**Information provided:**
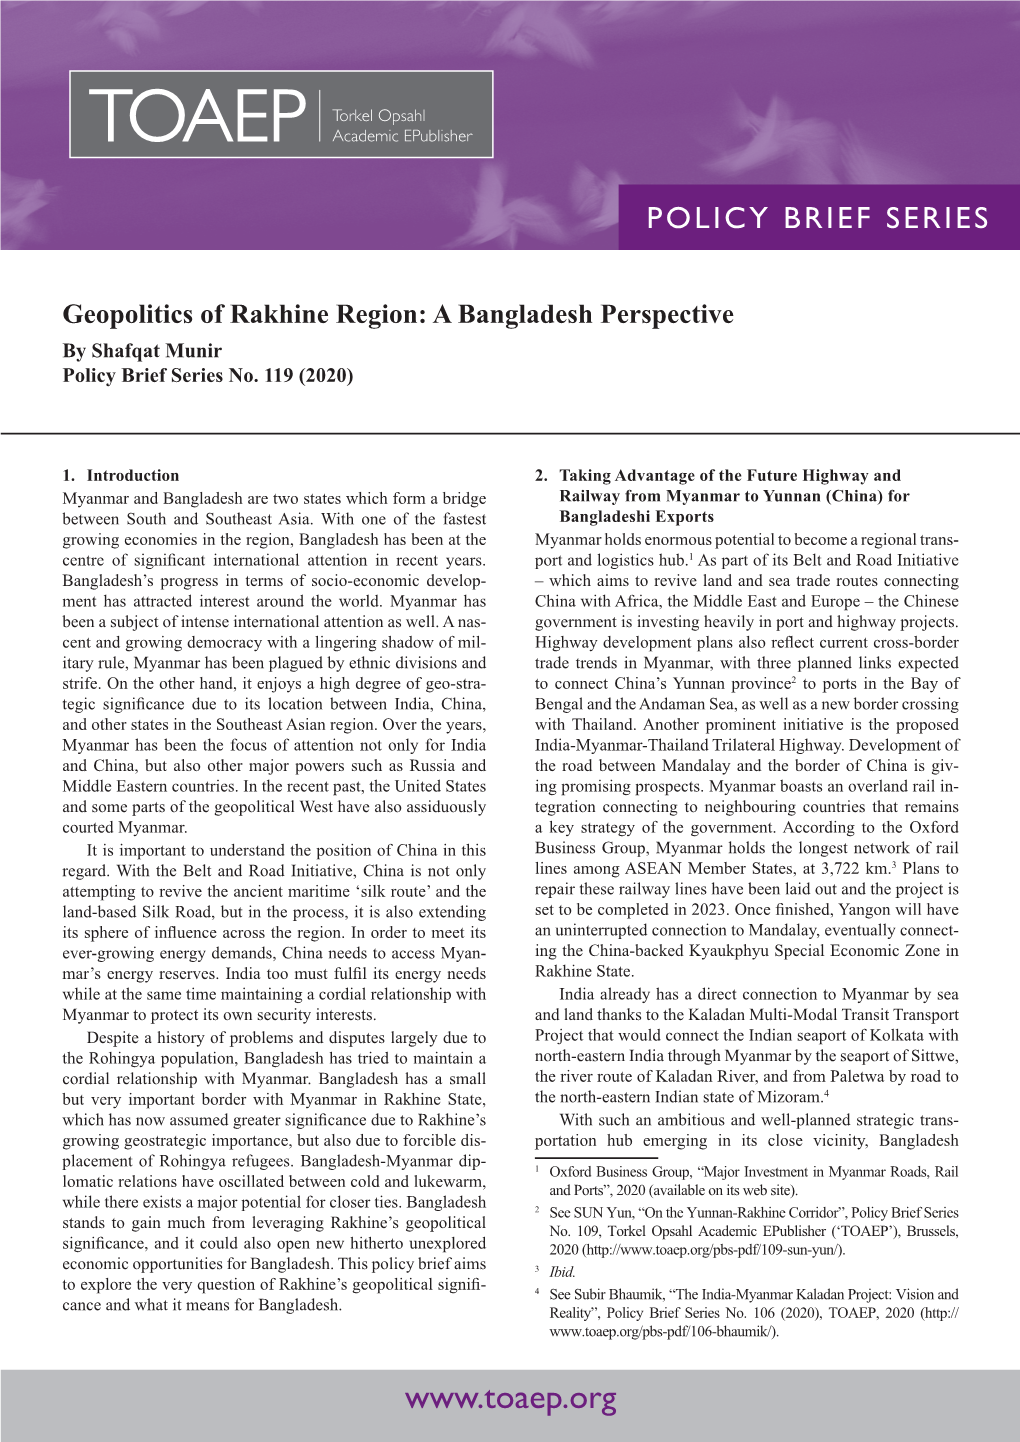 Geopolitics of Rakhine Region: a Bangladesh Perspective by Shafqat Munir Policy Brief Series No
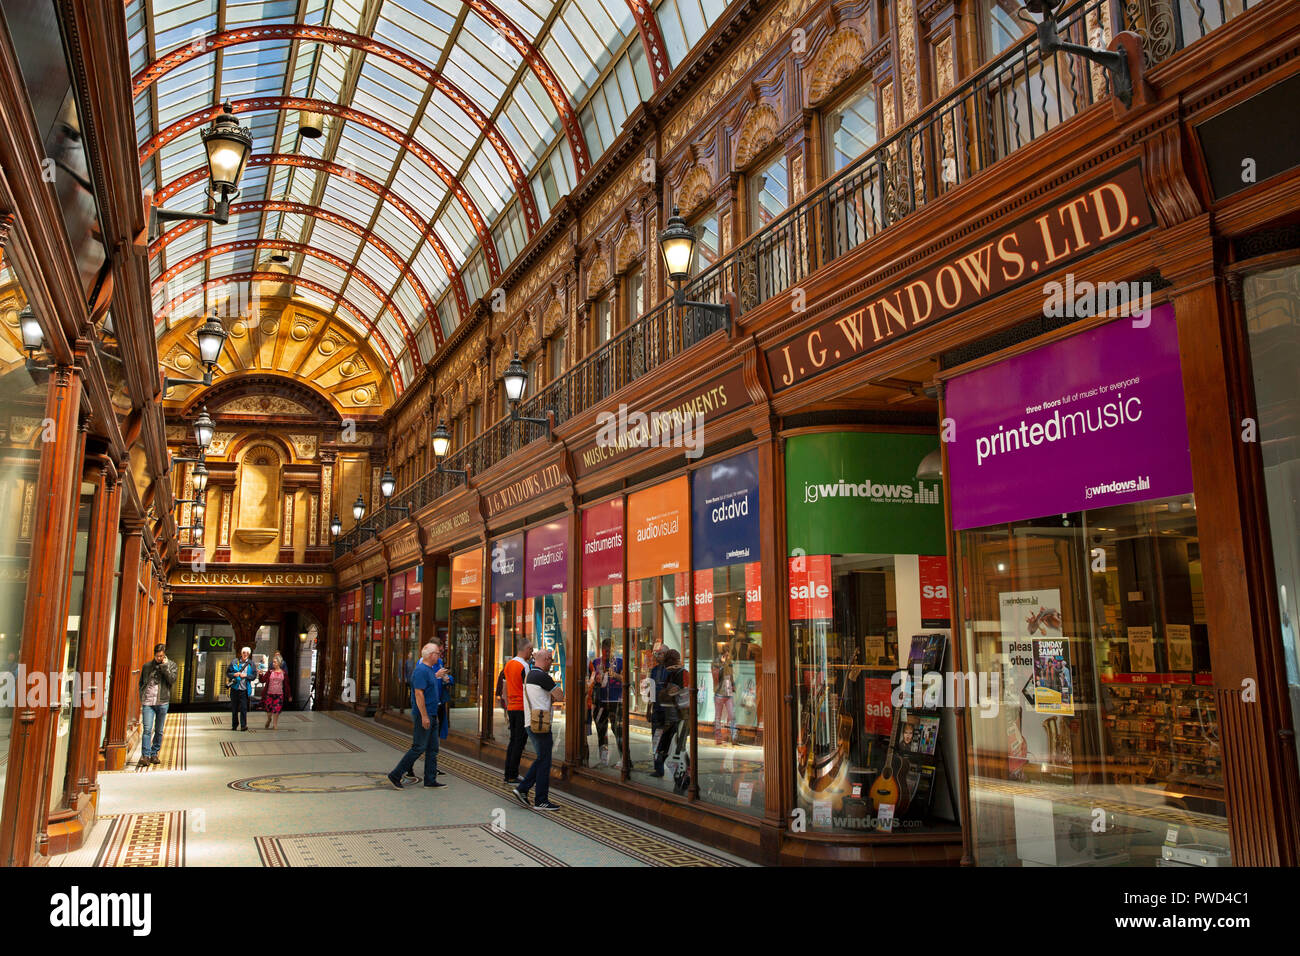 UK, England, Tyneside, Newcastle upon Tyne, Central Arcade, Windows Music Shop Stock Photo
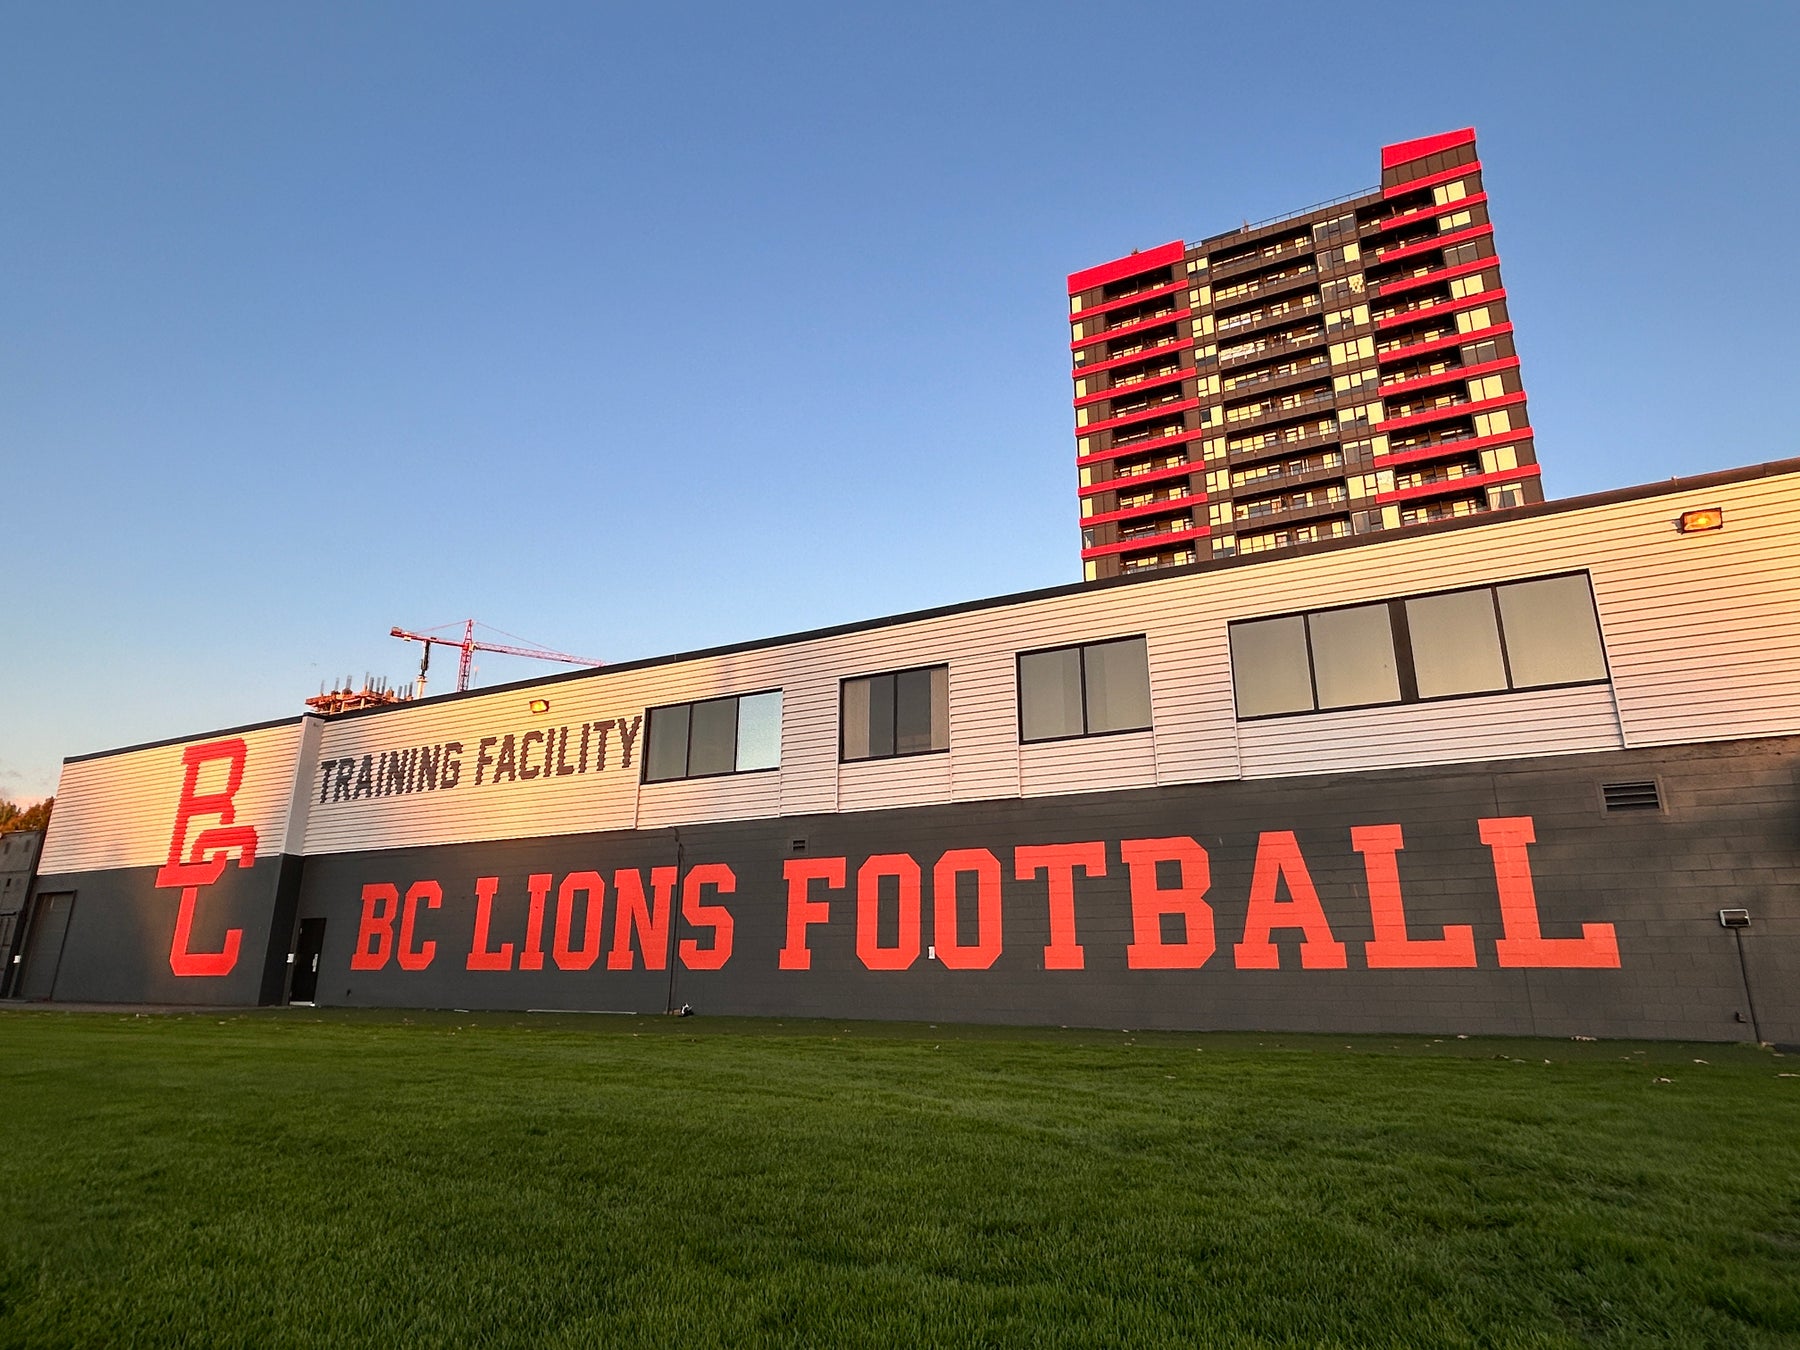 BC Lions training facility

**Exercise:**
Starting at the line that contains "UK, England, Tyneside, Newcastle", retype each line through the end of the data exactly, and leave out every picture.

**Response to the task:**
 UK, England, Tyneside, Newcastle upon Tyne, Central Arcade, Windows Music Shop Stock Photo
 BC Lions training facility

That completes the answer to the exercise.